● WHAT YOU HAVE TO DO: Return each line below exactly as it reads, and omit any image in it.

● EXERCISE DATA:

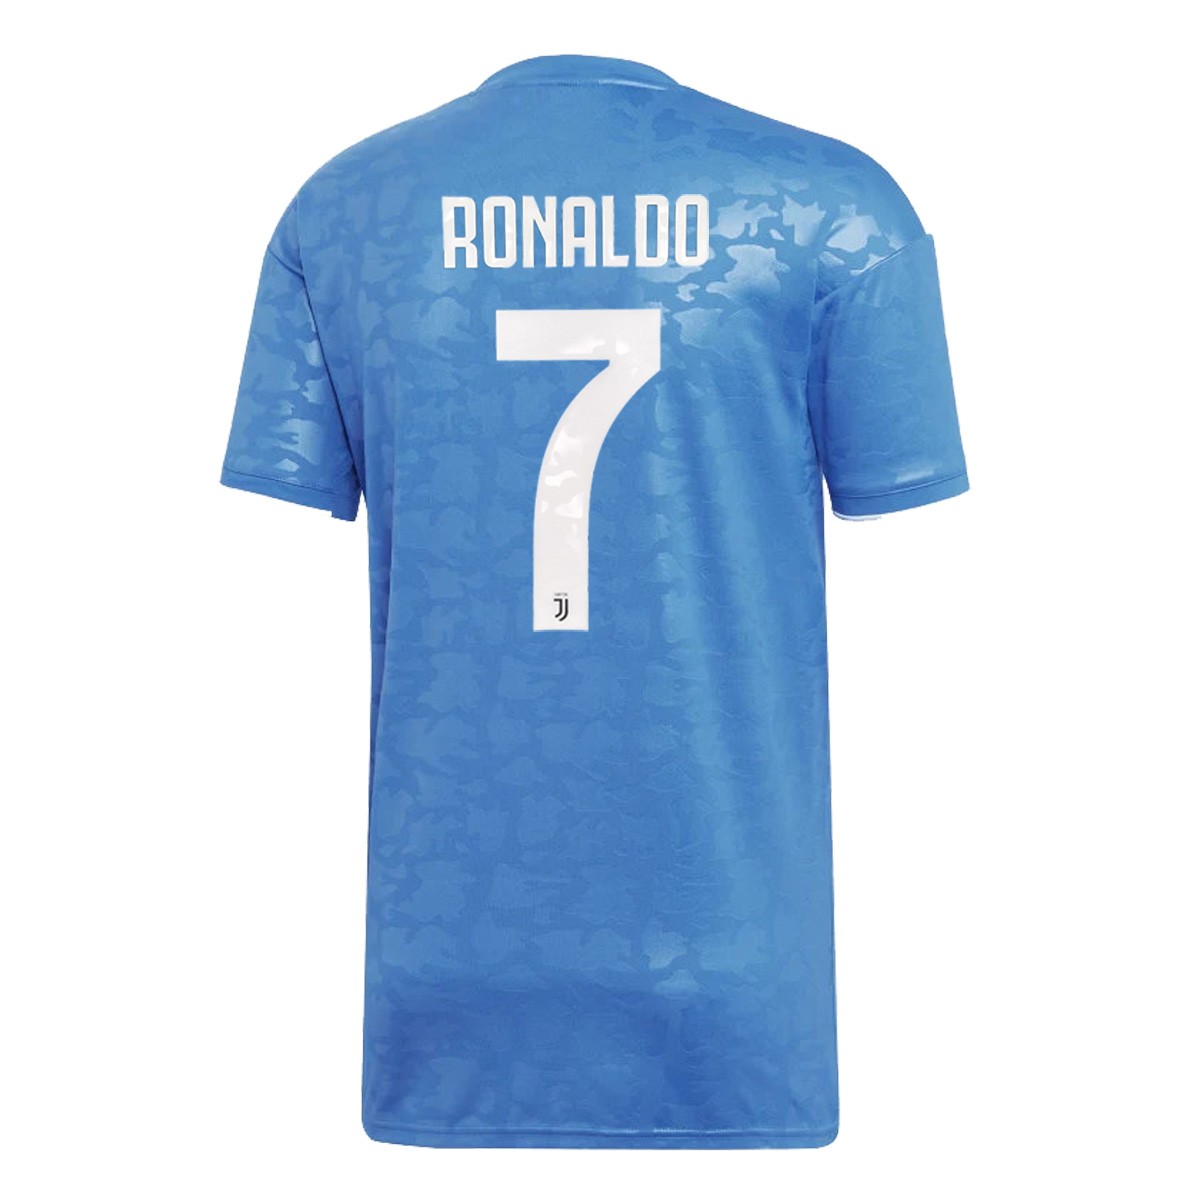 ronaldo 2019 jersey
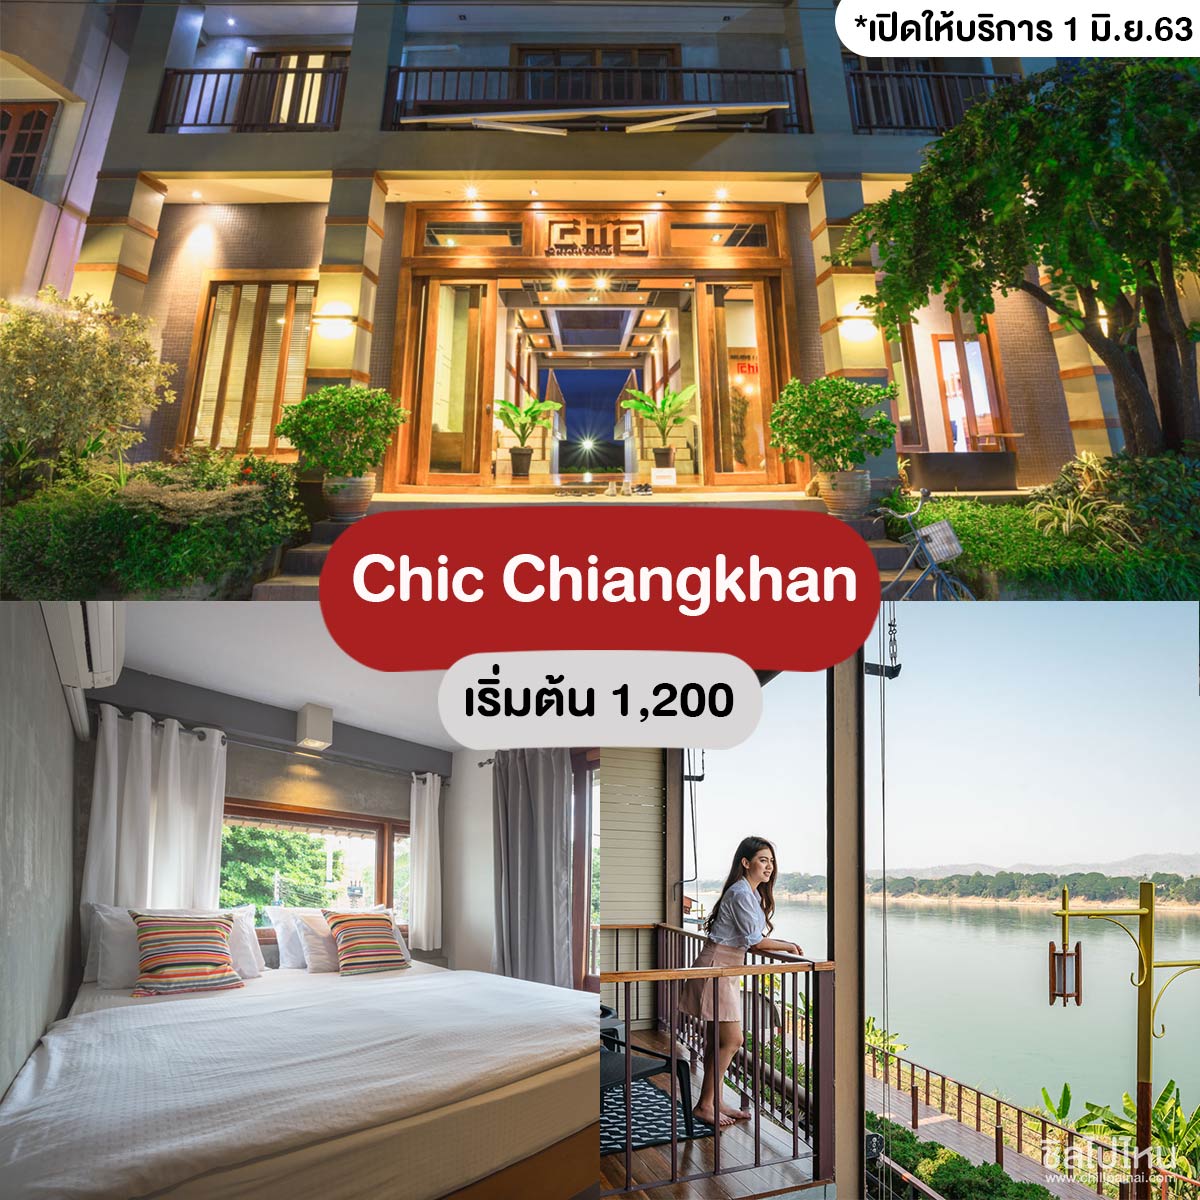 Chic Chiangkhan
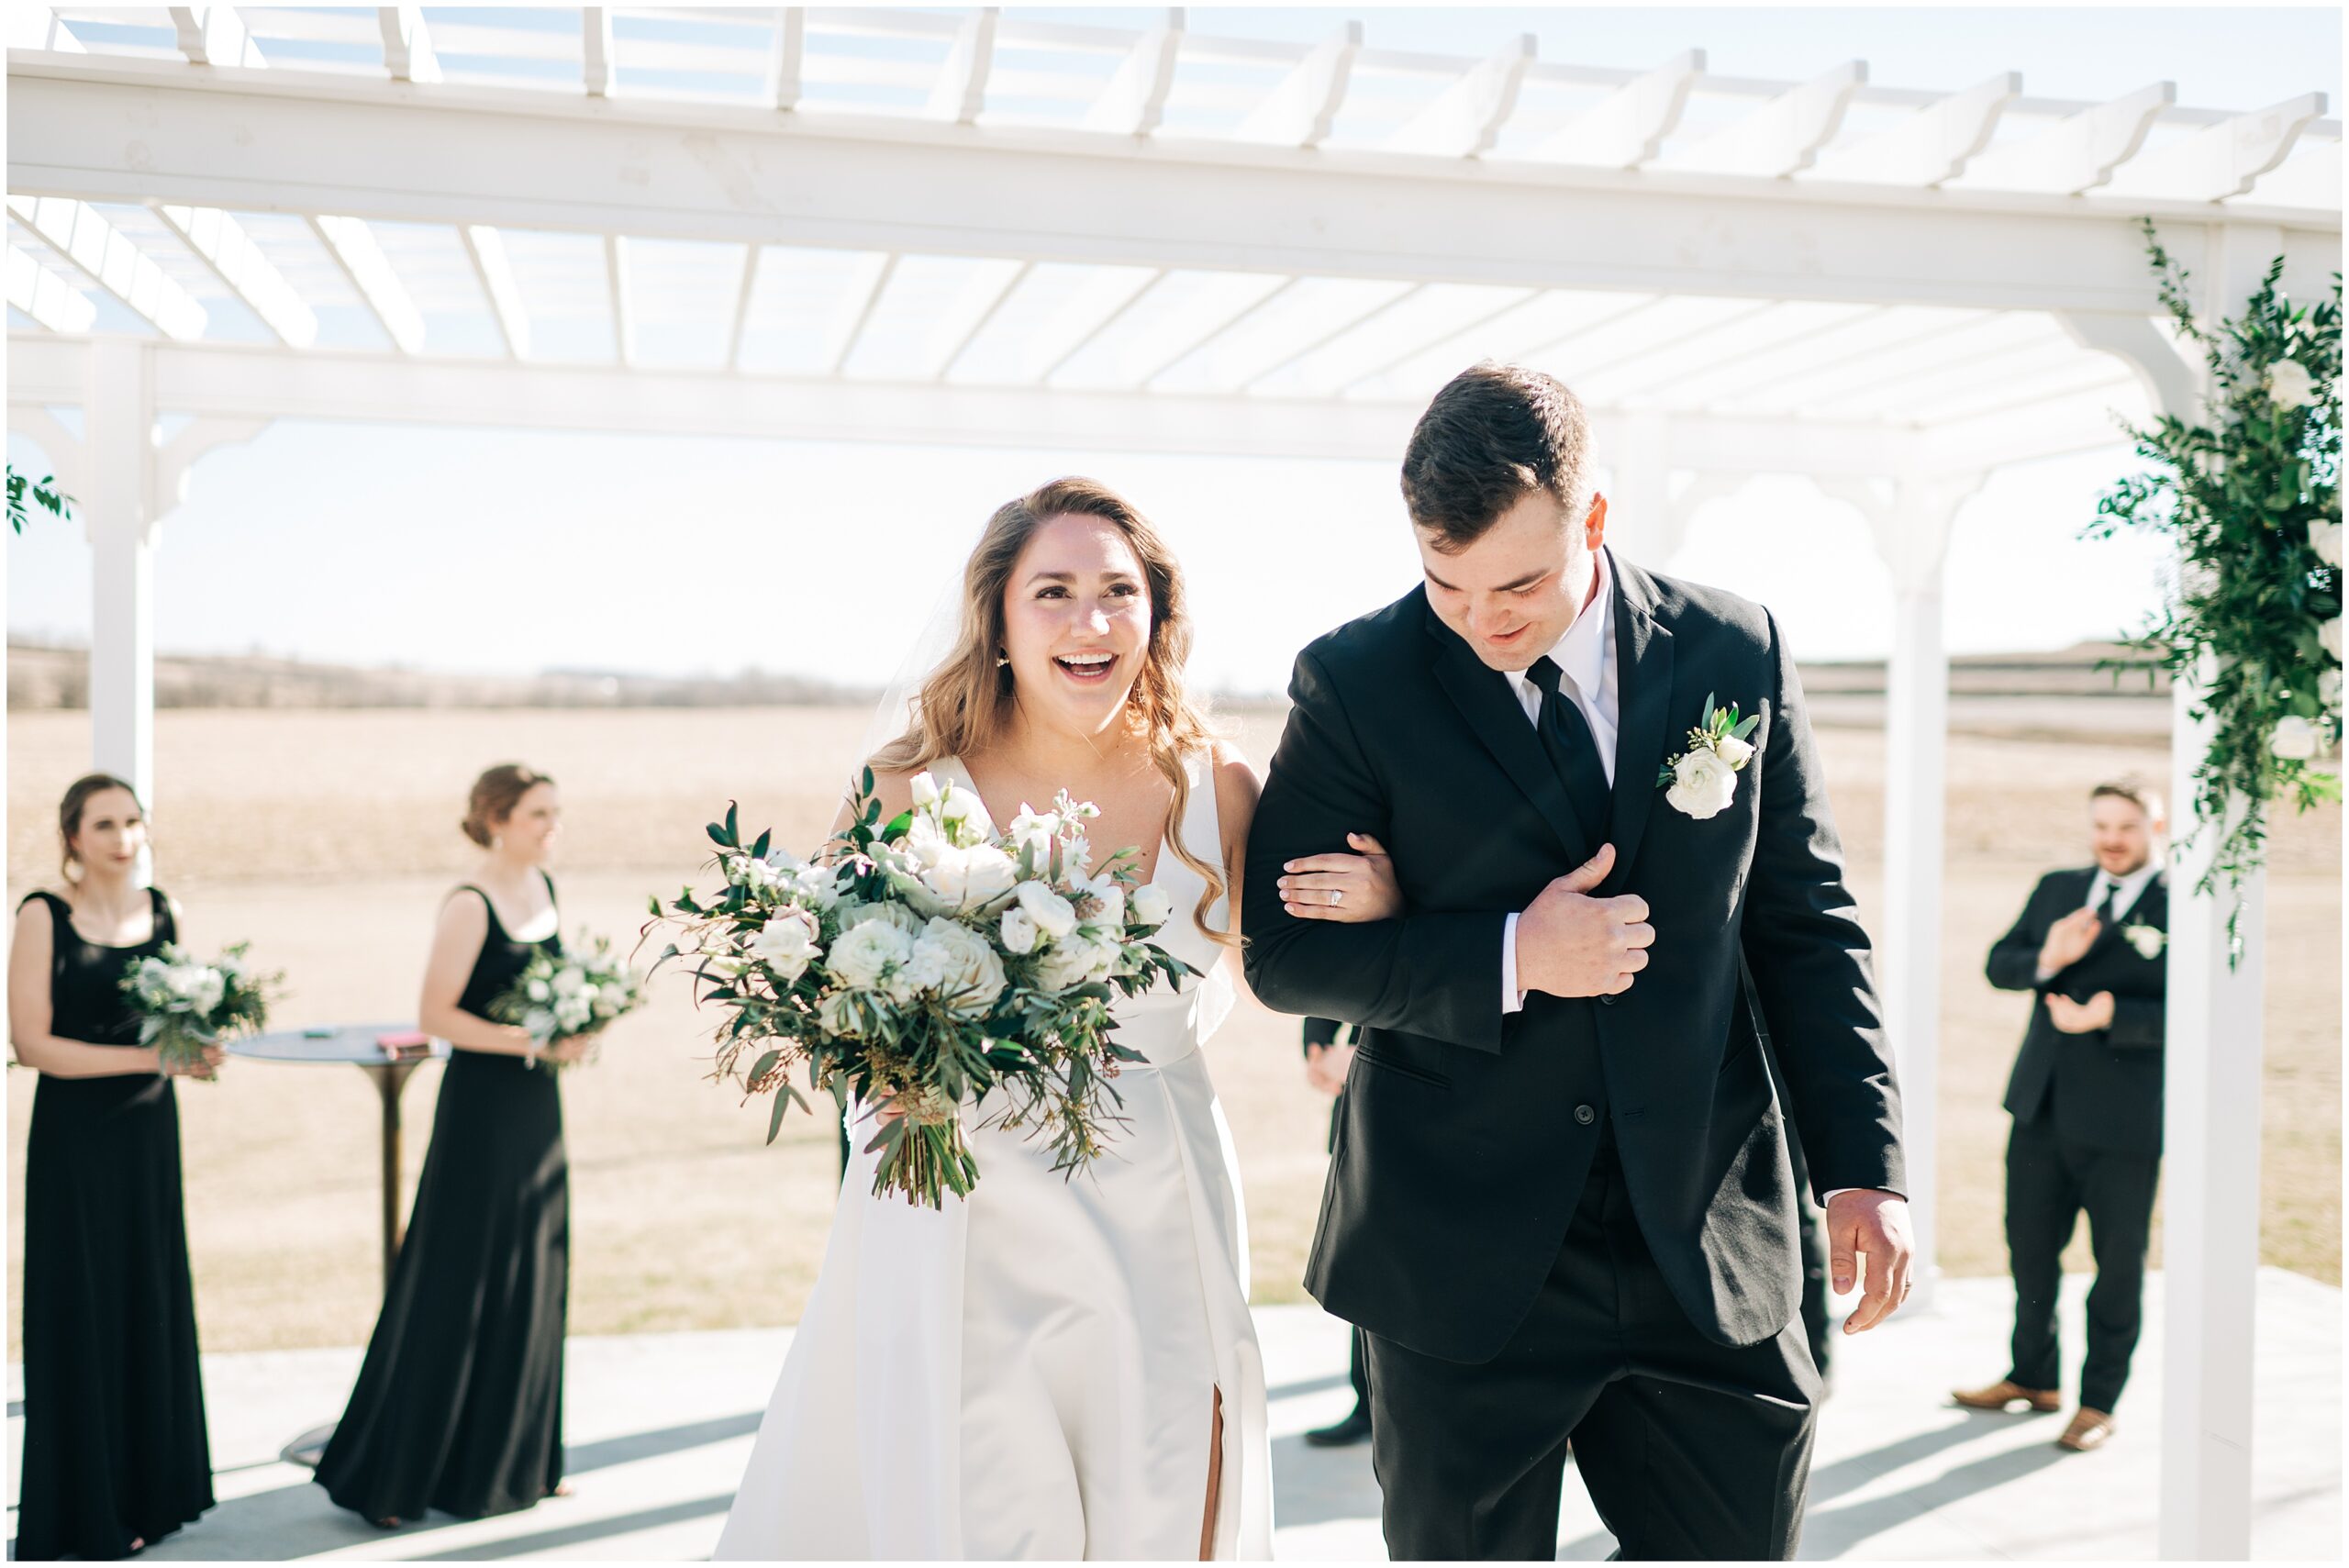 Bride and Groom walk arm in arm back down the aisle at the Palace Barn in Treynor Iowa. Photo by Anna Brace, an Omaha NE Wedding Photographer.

● REPLY:
 ronaldo 2019 jersey
 Chic Chiangkhan
 Bride and Groom walk arm in arm back down the aisle at the Palace Barn in Treynor Iowa. Photo by Anna Brace, an Omaha NE Wedding Photographer.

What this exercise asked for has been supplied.